I long for the familiar, the comfortable, the easy. I miss the days of doing things without thought. I want to take my boys to normalcy.
I hate that I have to know the Individuals with Disabilities Education Act in its entirety just to make sure my sons are afforded the educational environment that is lawfully due them. It frustrates me to have to spend hours in research prepping for a new specialist appointment to ensure the doctor orders the correct tests and medications or to point him in the right direction of the likely diagnosis. The adrenaline surge experienced every time an older child exits the house and the alarm sounds leaves me in a constant state of high alert, terrified that
this may be the time Bo escapes with tragic results.
I wish I could trust anyone besides his ever-busy oldest siblings to watch the Serb, and even then, I wish it were for longer than an hour or two if during waking hours. (And still my constant checking in drives them batty.) I, selfishly I suppose, want to go to weddings and parties with my handsome husband instead of the carefully planned divide and conquer routine we’ve orchestrated for social engagements. I’m tired of packing a diaper bag when my youngest is a typically-developing, fully potty-trained four-year-old.

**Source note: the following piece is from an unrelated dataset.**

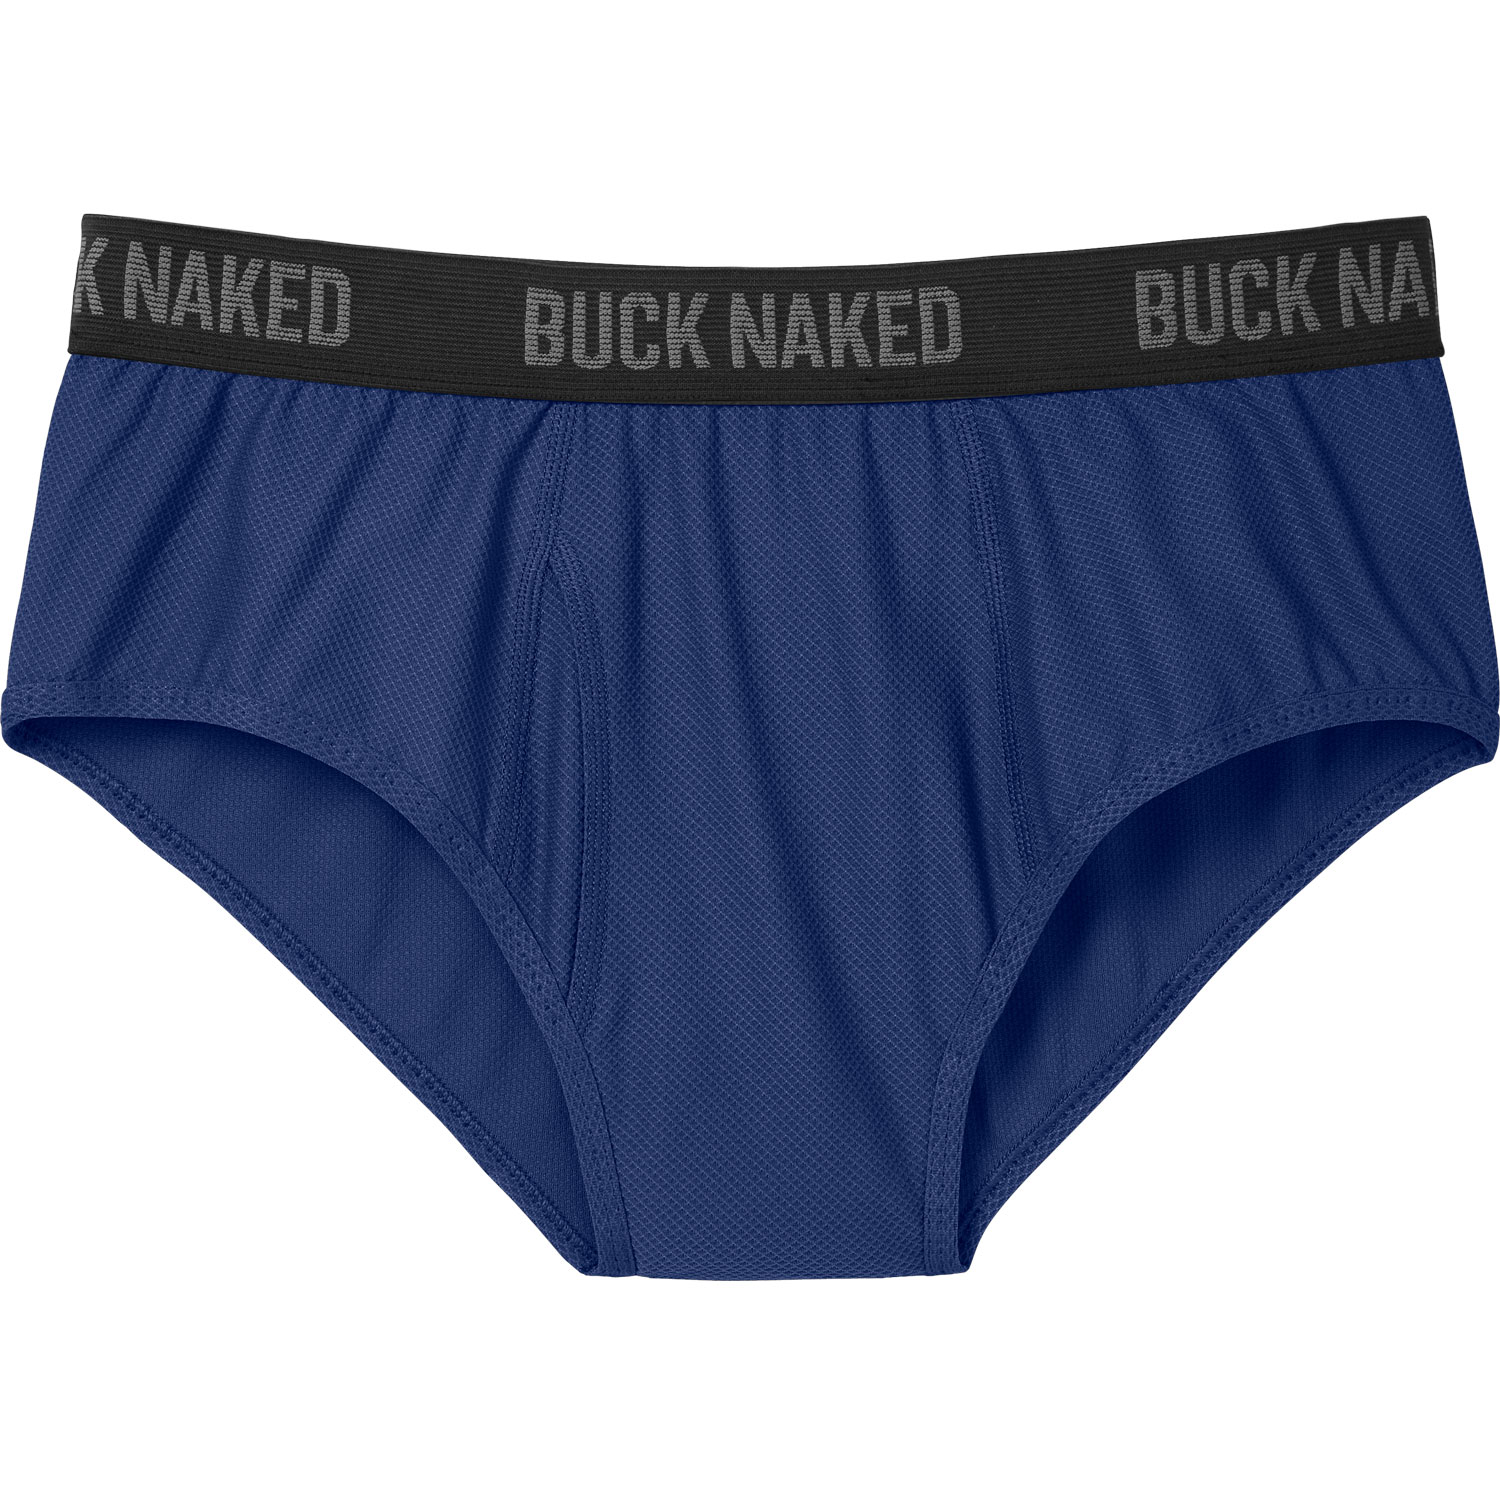 Duluth Trading Company Buck Naked Underwear TV Spot, 'Symphony

I hate that I freak out over every green snotty nose wondering if my weekend plans are safe or if I should go ahead and pack a hospital bag, just in case. I’m frustrated when my son tries five times to tell me something and I hear the same unintelligible sound five times and I just don’t understand and he gives up and whatever was important to him at the time stays with him and our moment to connect is lost.
But mostly, I’m tired of interpreting our world to others who don’t live here. It literally pains me to feel my boys have been devalued, either by a stupid social media comment, rude stare at the grocery, or casual remark by a close friend. I hate feeling like I have to be positive all the time or someone may not understand that, while my life is hard,
I would choose these boys a hundred times over.
Holland sucks, sometimes. Yes, Emily Pearl Kingsley, it does have windmills, but where do you find the time to look up and enjoy them?
I have a choice to make. Sometimes daily, sometimes just when I hear the bullets flying and I find myself ducking for cover, longing for the good old days of home. I can wallow in the hard. I can live in the frustration and the difficult, becoming bitter.
Or I can embrace the adventure of a life uncommonly lived. I can relish in my daily opportunities for growth and new experiences. I can be overwhelmed with the beauty of relationships I have that others pass by. There is community among the ex-pats of metaphorical Holland. The marginalized have a camaraderie all our own.
If I hadn’t landed here, I would still be living in my fishbowl of sameness, loving all the people who live and think like me. I would never have learned the stories of my fellow sojourners, come to value their perspectives, share their pain. I’ve found that it’s not just the parents of kids with special needs who land here. This Holland is a home to not just those with a physical or intellectual disability, but also people of color, or those with mental illness, even the LGBT community, any of us who are different than the accepted masses.
Because there is a place for us here.
So, in the middle of my longing for normalcy, for what I remember home to feel like, do I really want to give up all I’ve gained, all I’ve learned, all I’ve become?
Not really. For I’ve discovered the true melting pot is Holland and here, there is grace for us all.